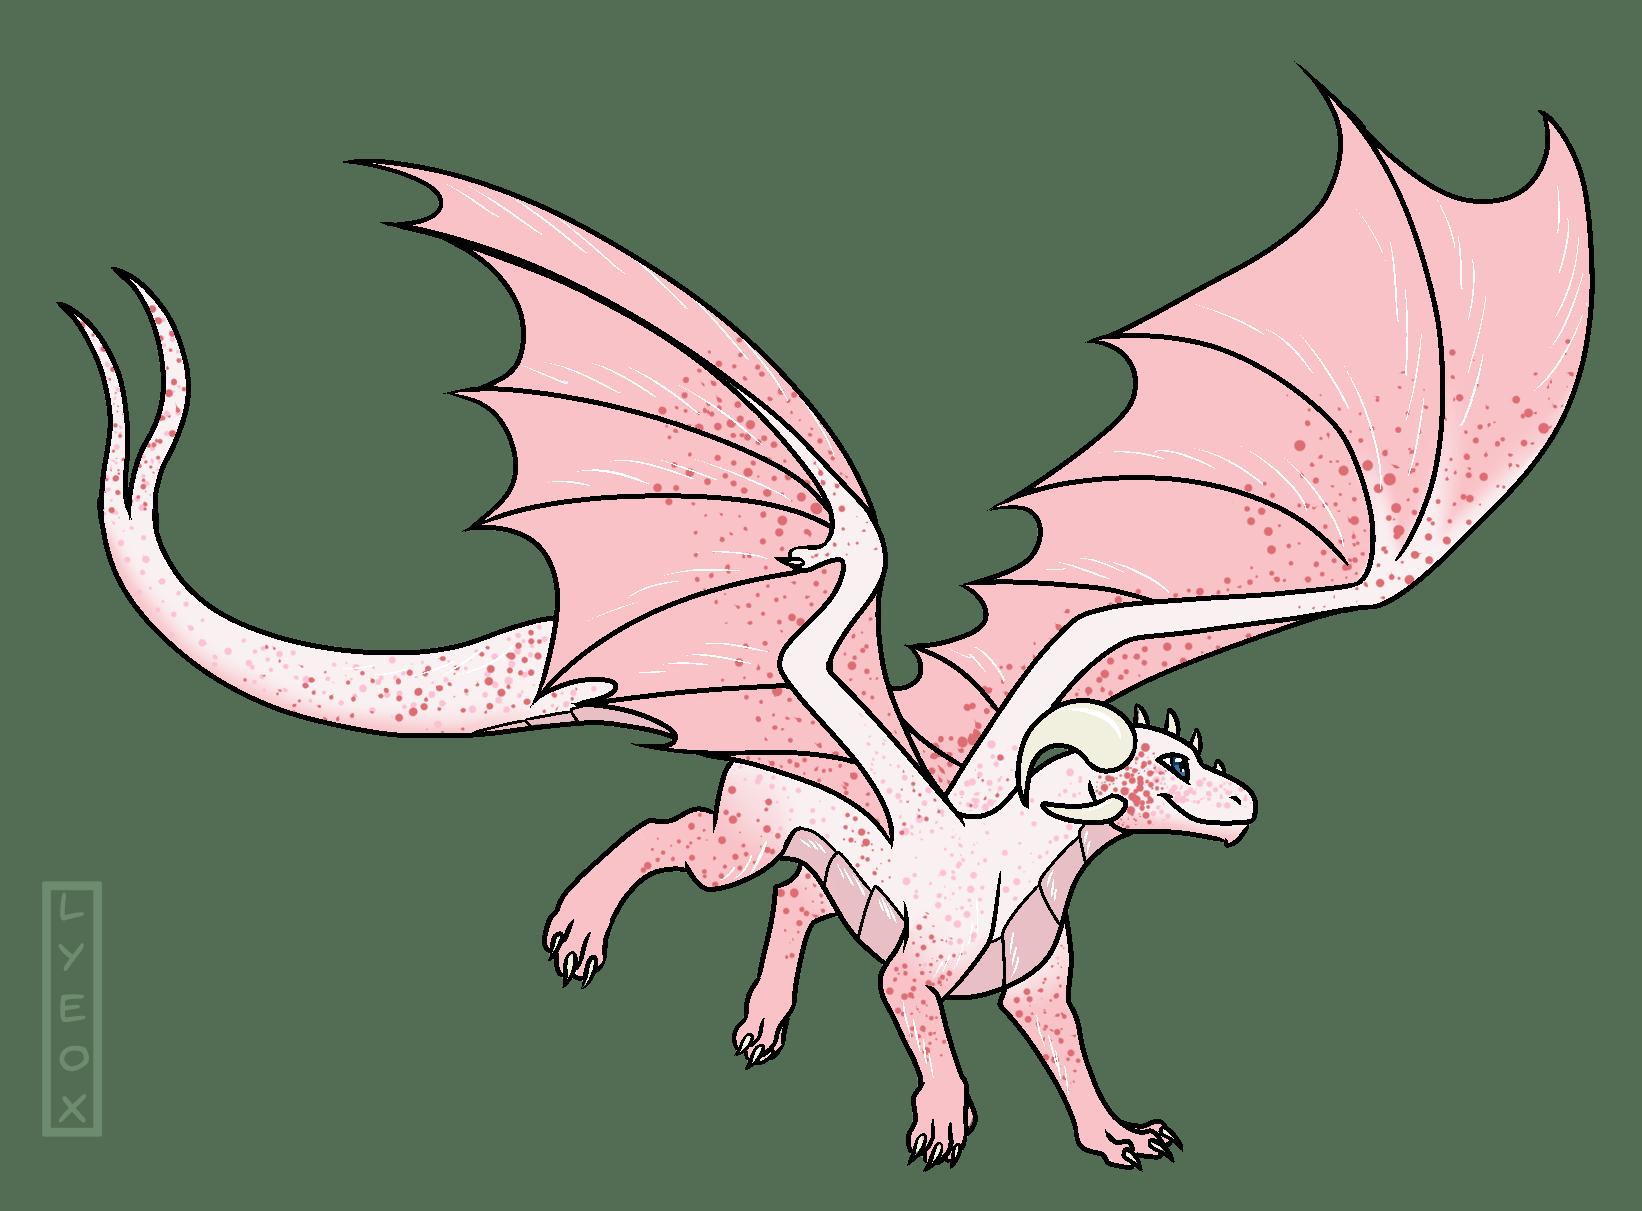 Piveth! [Commission]
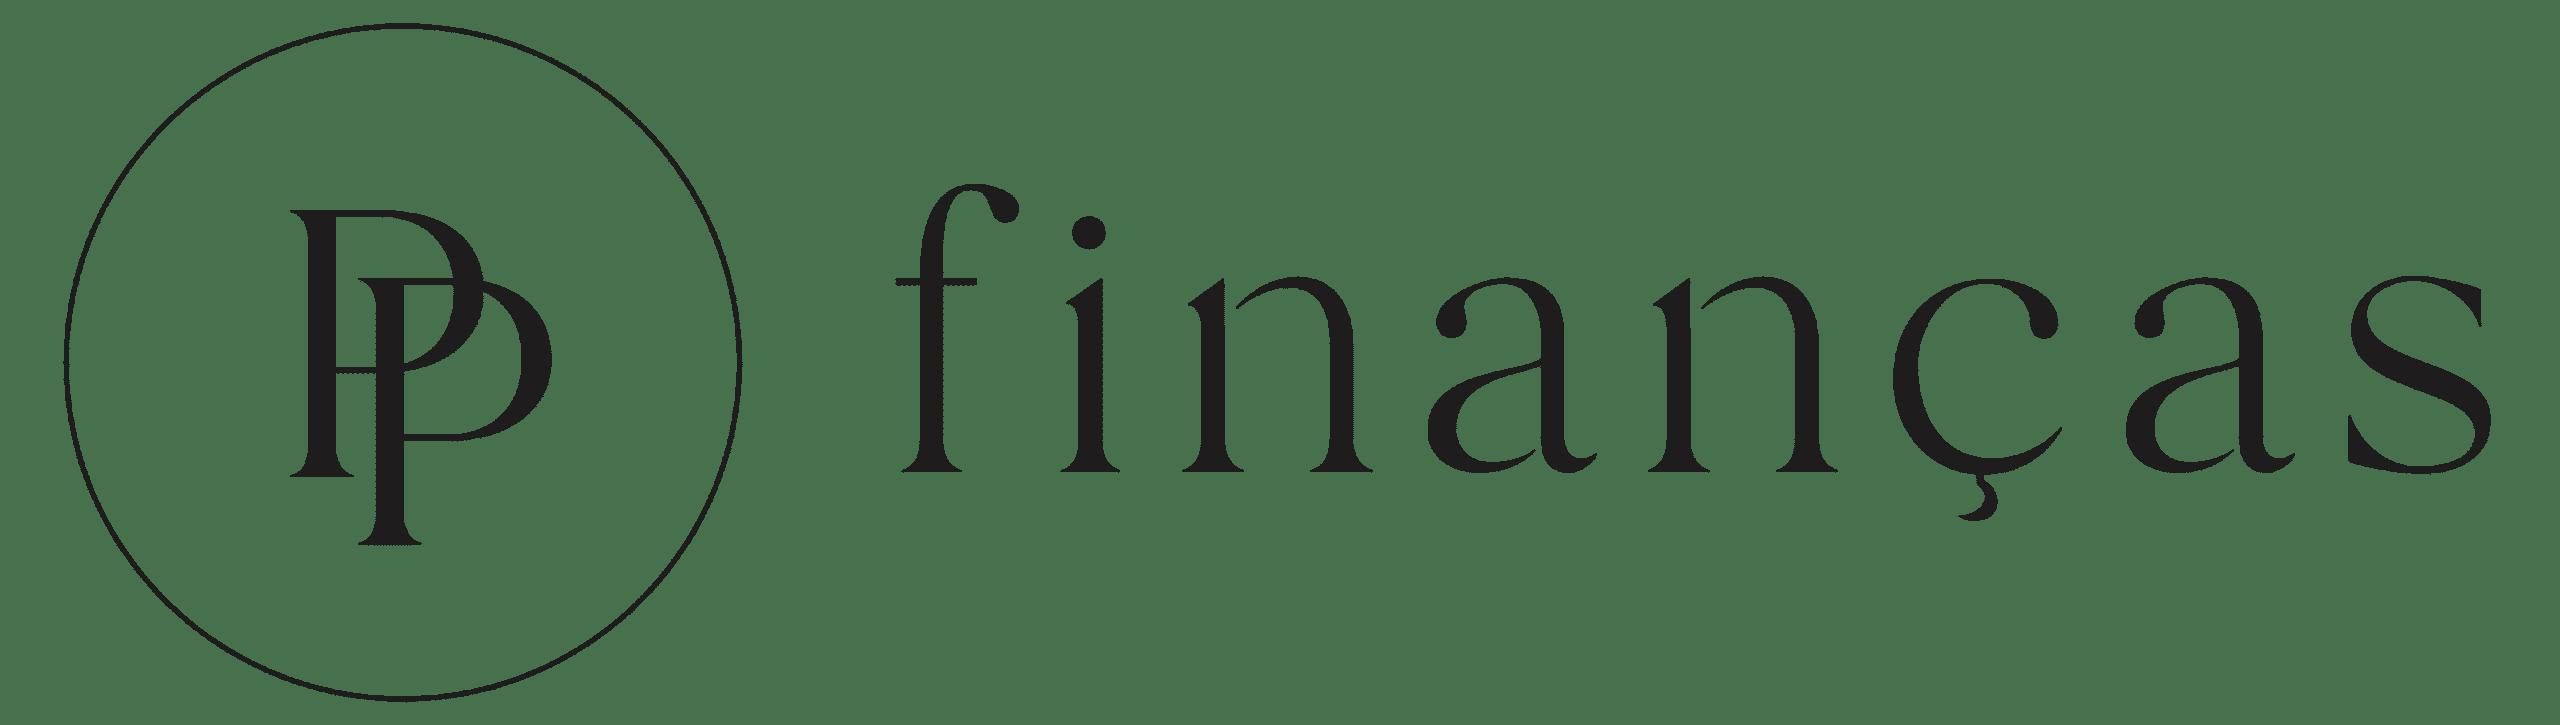 pp-financas_6
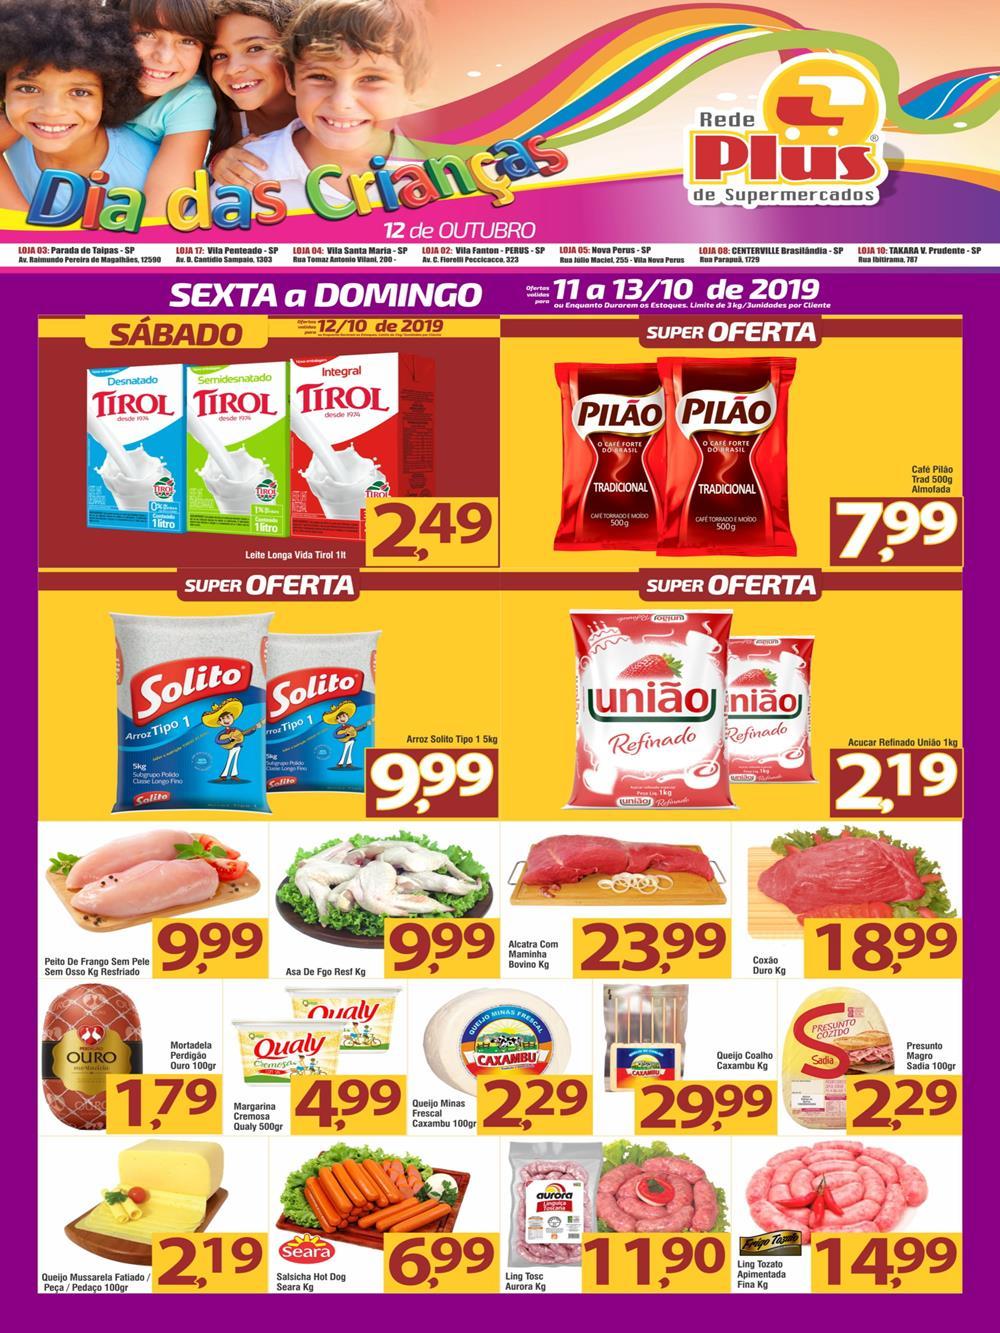 redeplus-Ofertas-Tabloide1 Ofertas de supermercados - Black Friday 2019

::::::::

▶ What is expected
Word for word, repeat the data above with the pictures left out.

▶ Output for this exercise
 Piveth! [Commission]
 pp-financas_6
 redeplus-Ofertas-Tabloide1 Ofertas de supermercados - Black Friday 2019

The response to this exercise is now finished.